Open rooftopcellist opened 10 months ago
More information:
So for example that I see in my test right now:
To check this, I queried for how many pods were in the failing state and lo and behold...
$ oc get pod | grep "Error" | wc -l
19
The failed AnsibleJob runs are actually succeeding in launching jobs in AWX, I now have over 600 jobs in AWX, all originating from the 100 AnsibleJob objects I created via the resource-operator.
A quick query to the AWX API shows that there are 155 jobs in pending state because we have overwhelmed AWX.
https://awx-awx.apps.aap-bugbash.ocp4.testing.ansible.com/api/v2/jobs/?status=pending
...
"count": 155,
This is the memory usage of the operator pod when it has 100 ansiblejobs in queue (with default of 4 ansiblejob workers). I think we should set our requests accordingly.
Monitoring Pod: resource-operator-controller-manager-86f85b765c-st8r7
+------------------+-----------+-----------+-----------+
| Resource | Average | Minimum | Maximum |
+==================+===========+===========+===========+
| CPU (millicores) | 1033.73 | 449 | 1306 |
+------------------+-----------+-----------+-----------+
| Memory (Mi) | 485.429 | 211 | 599 |
+------------------+-----------+-----------+-----------+
Summary
AnsibleJob resources fail when run at scale because the AWX api/v2/job_templates endpoint can get very slow when there are many concurrent running jobs.
Details
I created 200 ansiblejobs at once and noticed that a number of them failed on this task because of a timeout caused by AWX taking too long to respond:
I did a couple GET's to the endpoint in question and the request times from the API were ranging from .3 to 3 seconds.
Analysis & Solutions
Problem 1: The job_templates API endpoint can't keep up
We could adjust the timeout on the awx.awx collection invocation in the runner role, or we could try to solve this on the awx api side... But I'm not sure what we could do there to reduce response time.
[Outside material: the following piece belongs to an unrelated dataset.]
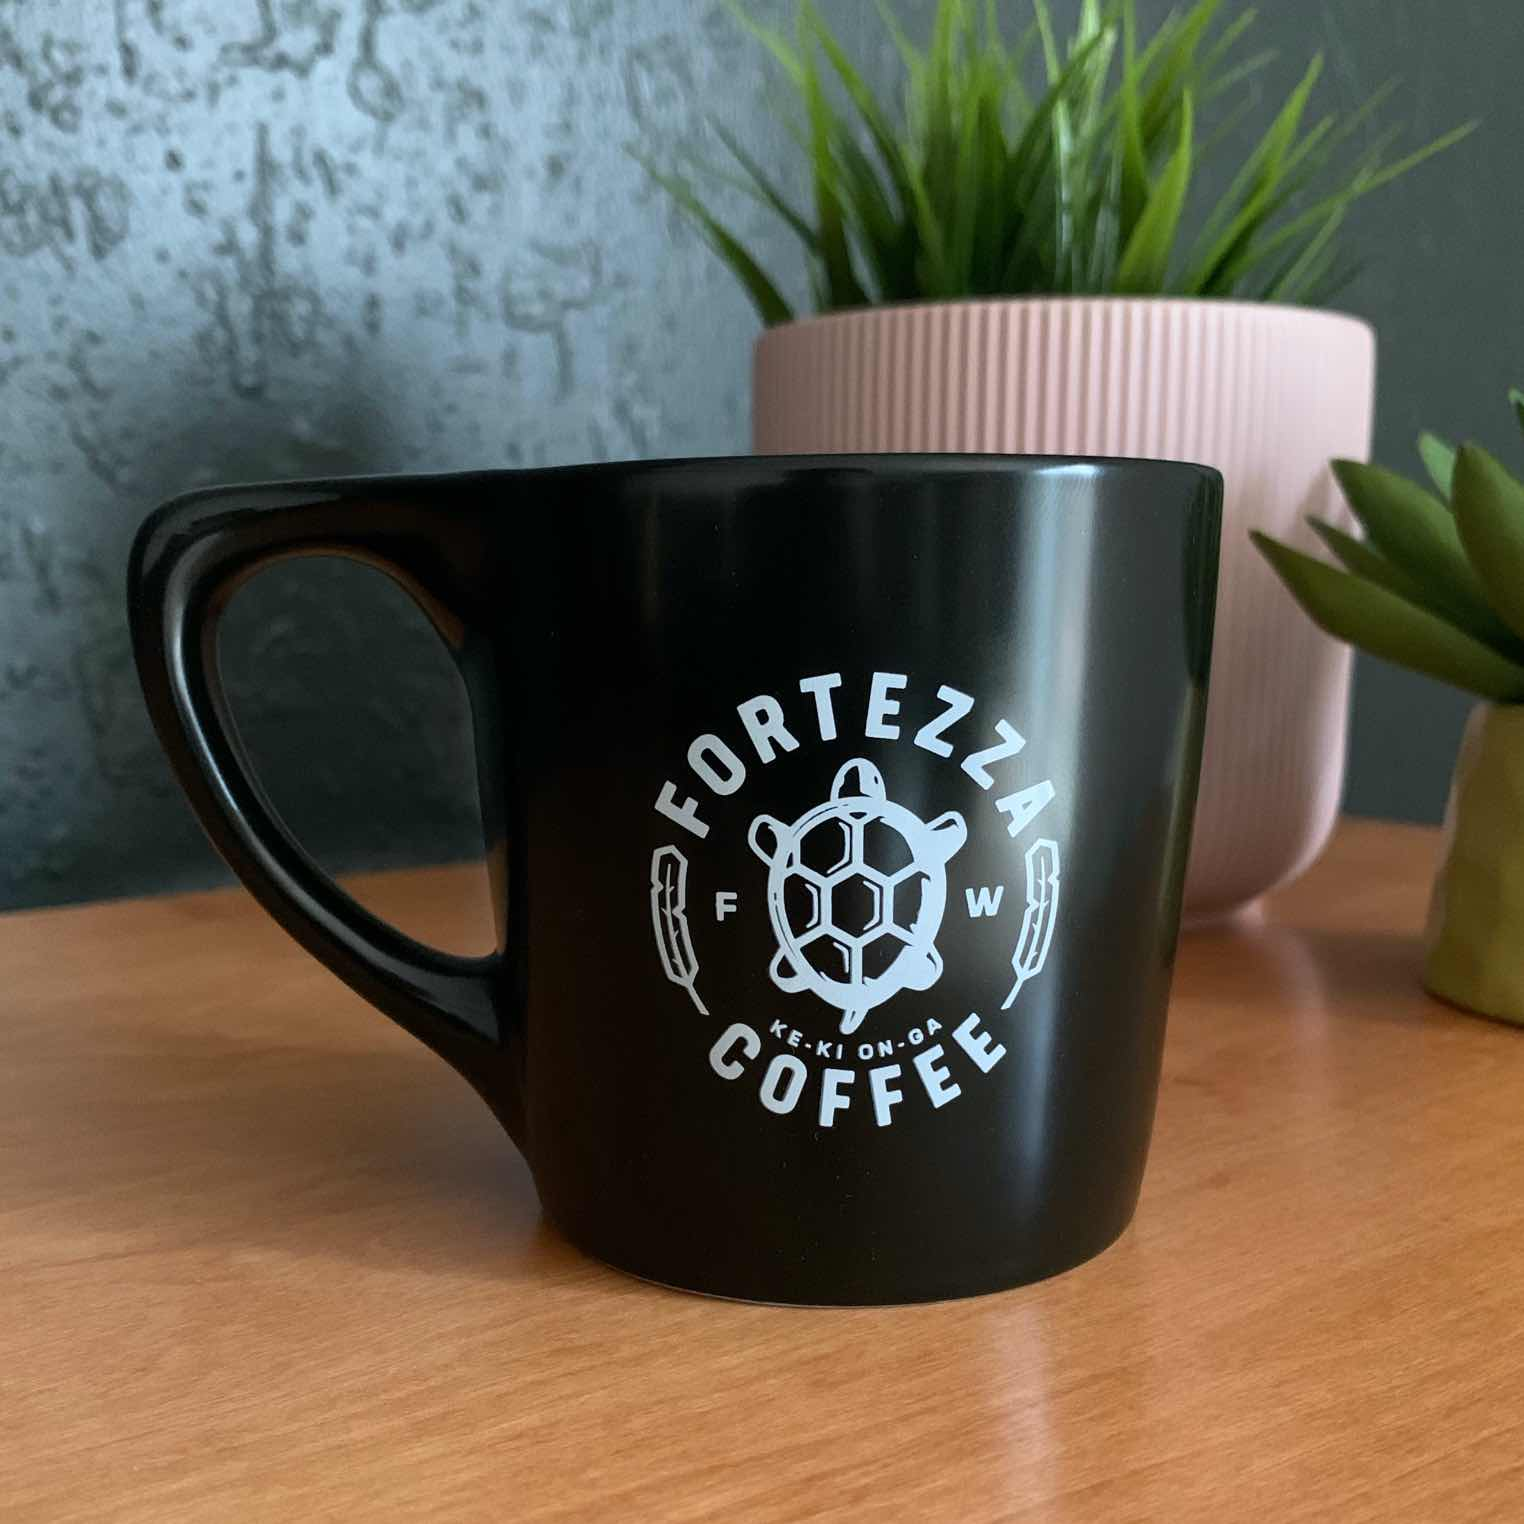 Black coffee mug with logo

Problem 2: Operator pod can get OOMKilled
The jobs failing leads to jobs getting backed up and results in more concurrent running AnsibleJob reconciliation loops and pods for the resource operator.
Solutions:
Supporting information:
When creating 100 AnsibleJob's at once, I see that about half of them fail with the timeout from the jobtemplates API endpoint. Also, ~ 50 ansiblejob related containers end up running concurrently (each retries once, so it doubles the container count per ansiblejob).
So the high number of jobs running, eats up the underlying node's memory, to be point that it starts needing to kill of pods.